The governor imposed several new measures last Friday — including a nighttime stay-at-home advisory, an early business closure order, a mask mandate for all public places, and reduced gathering limits — aimed at cracking down on the type of informal gatherings that, especially in the absence of face coverings or social distancing, officials say is driving the spread of the virus this fall.


In addition to mandating face coverings in all public places, Baker said Friday that residents should also wear a face covering whenever they’re with people who are not “members of your immediate family,” both indoors and outdoors.

“I know that sounds aggressive,” he said. “But the simple truth is this expansion of people’s social circles and this desire to get back to something like normal is a big part of what’s driving case growth and ultimately hospitalizations — not just here in Massachusetts, but across the country.”

As The Washington Post recently reported, there’s growing evidence that casual social gatherings are fueling the fall surge. 


The Baker administration is especially concerned about the upcoming holiday season.
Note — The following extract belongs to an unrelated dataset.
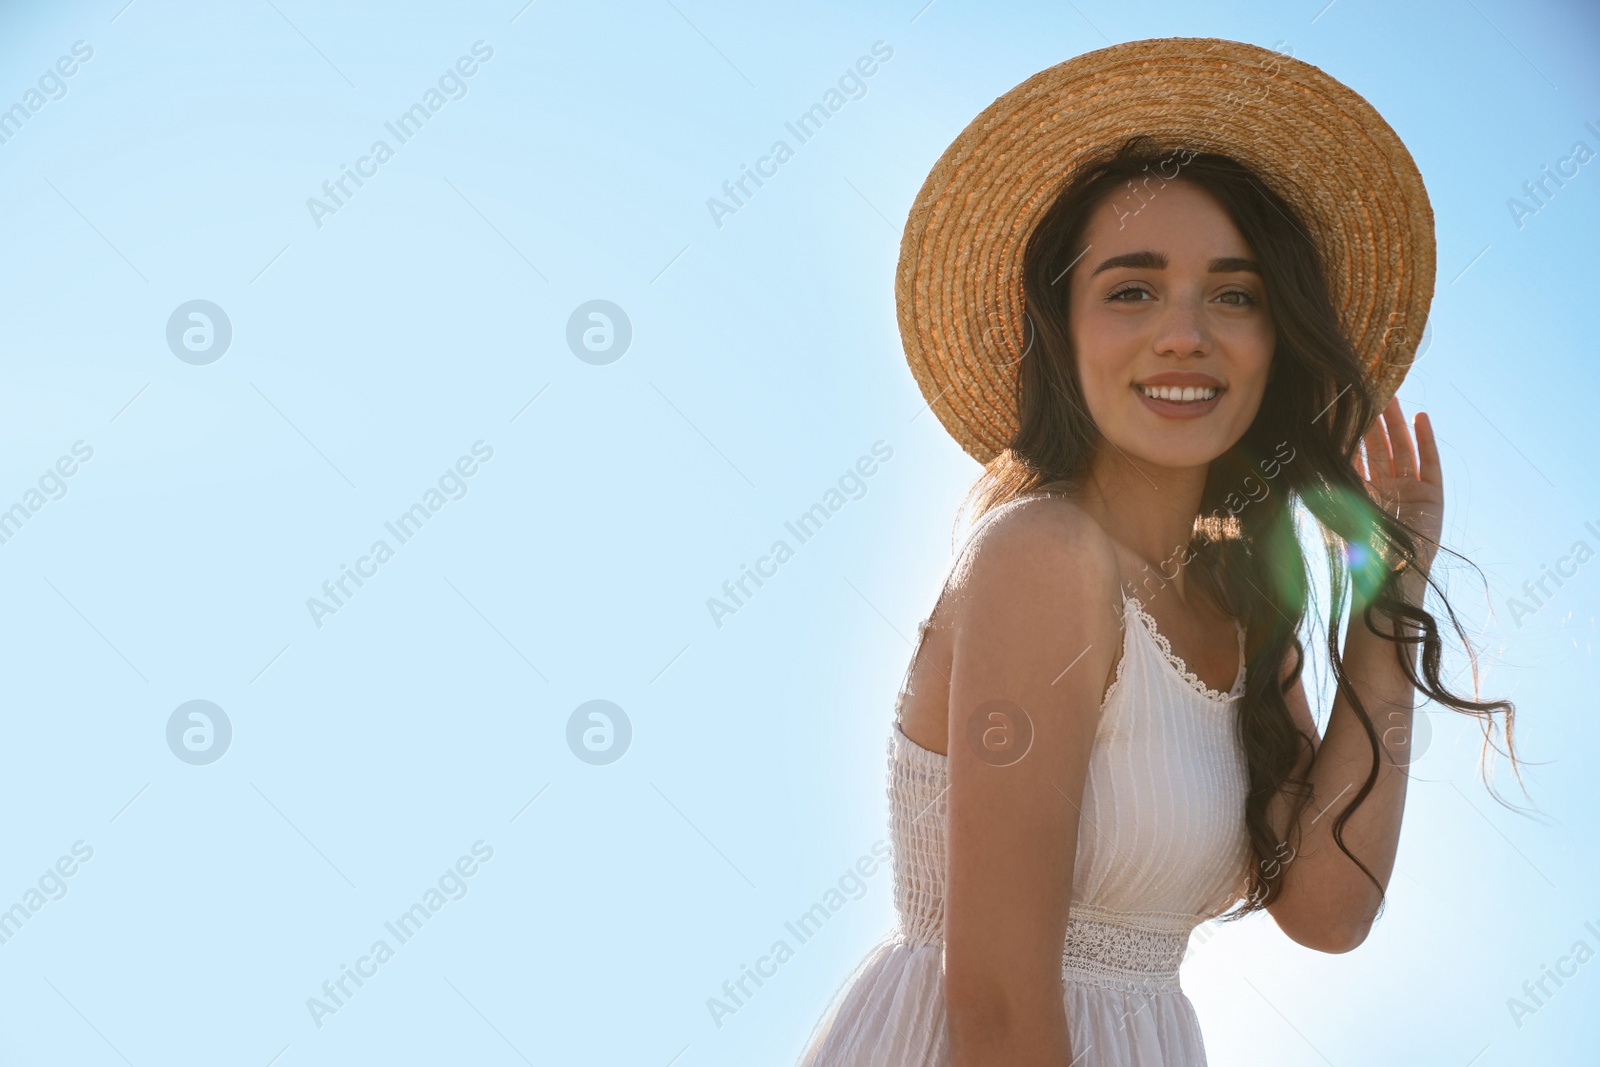 Photo of Happy young woman with beach hat against blue sky on sunny day
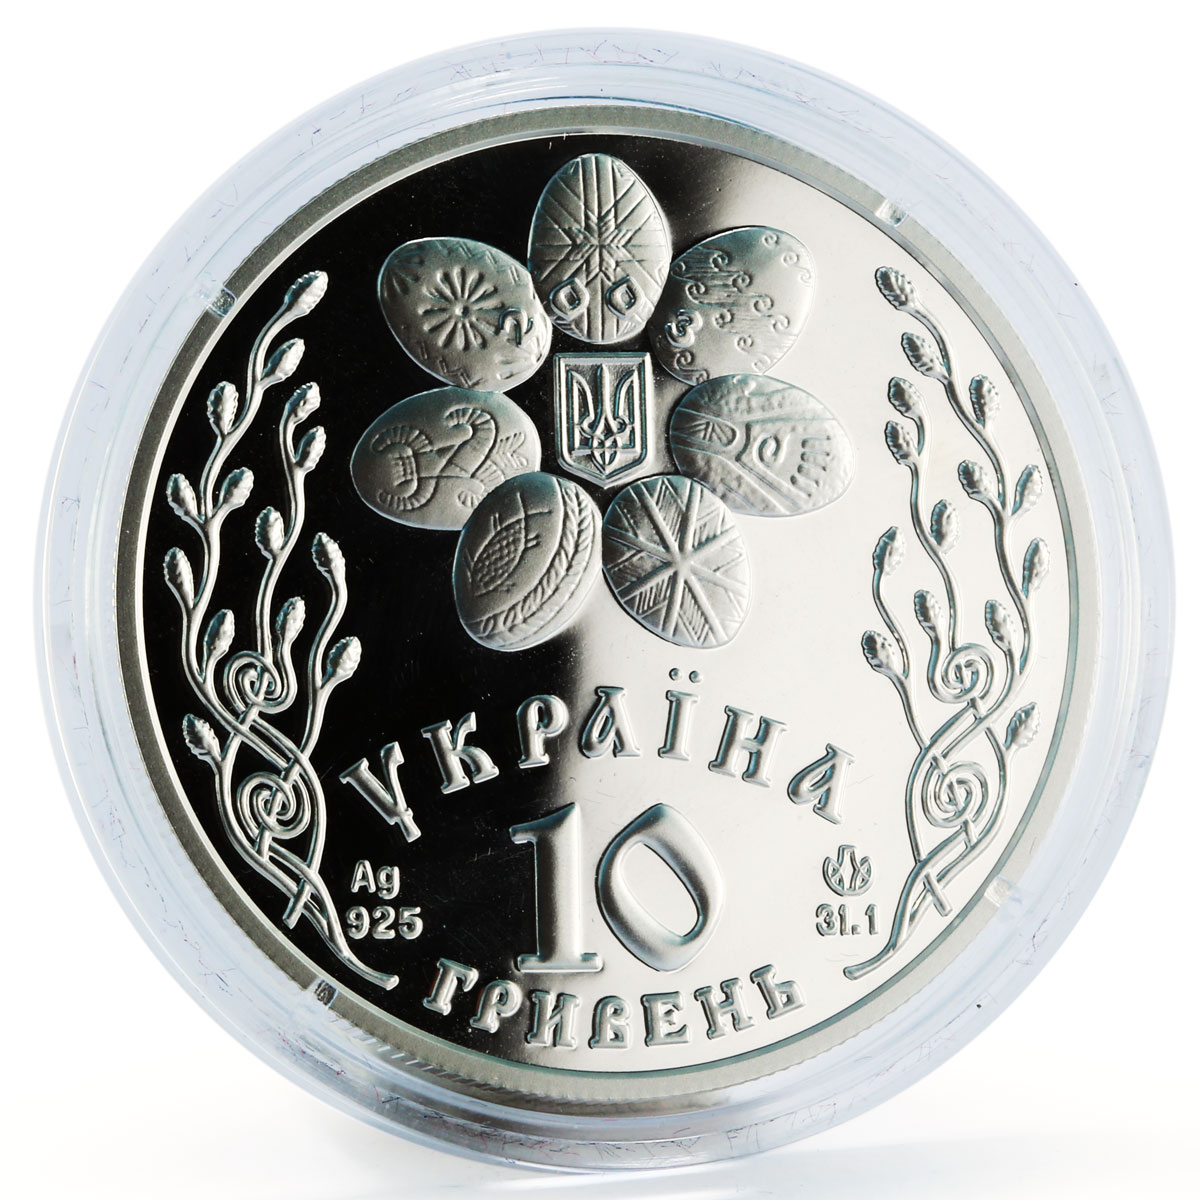 Ukraine 10 hryvnia Celebration of Easter Holiday proof silver coin 2003

During the press conference Friday, officials repeatedly made note of how Canada saw a spike in cases and hospitalizations following the country’s Thanksgiving last month.

Massachusetts Health and Human Services Secretary Marylou Sudders reiterated Friday that residents should be “very careful” about spending the holiday with older relatives.

“You may have a lovely Thanksgiving meal, and you might have seriously infected someone in your family,” Sudders said.

According to Baker, people “need to think real hard about the role they can play as individuals” if they want to have “a safe holiday season, one where businesses are open and available.”


“We didn’t put that stay-at-home advisory in place without thinking real hard about it,” the governor said. “We did it to send a message.”

During the press conference, Dixon said he believes most residents are in fact “doing the right thing most of the time.” 

“That’s not enough,” he said. “We need everyone doing the right thing every day. And because we don’t have that, we are seeing a significant rise in the number of hospitalizations, across the state, of patients suffering from this awful disease.”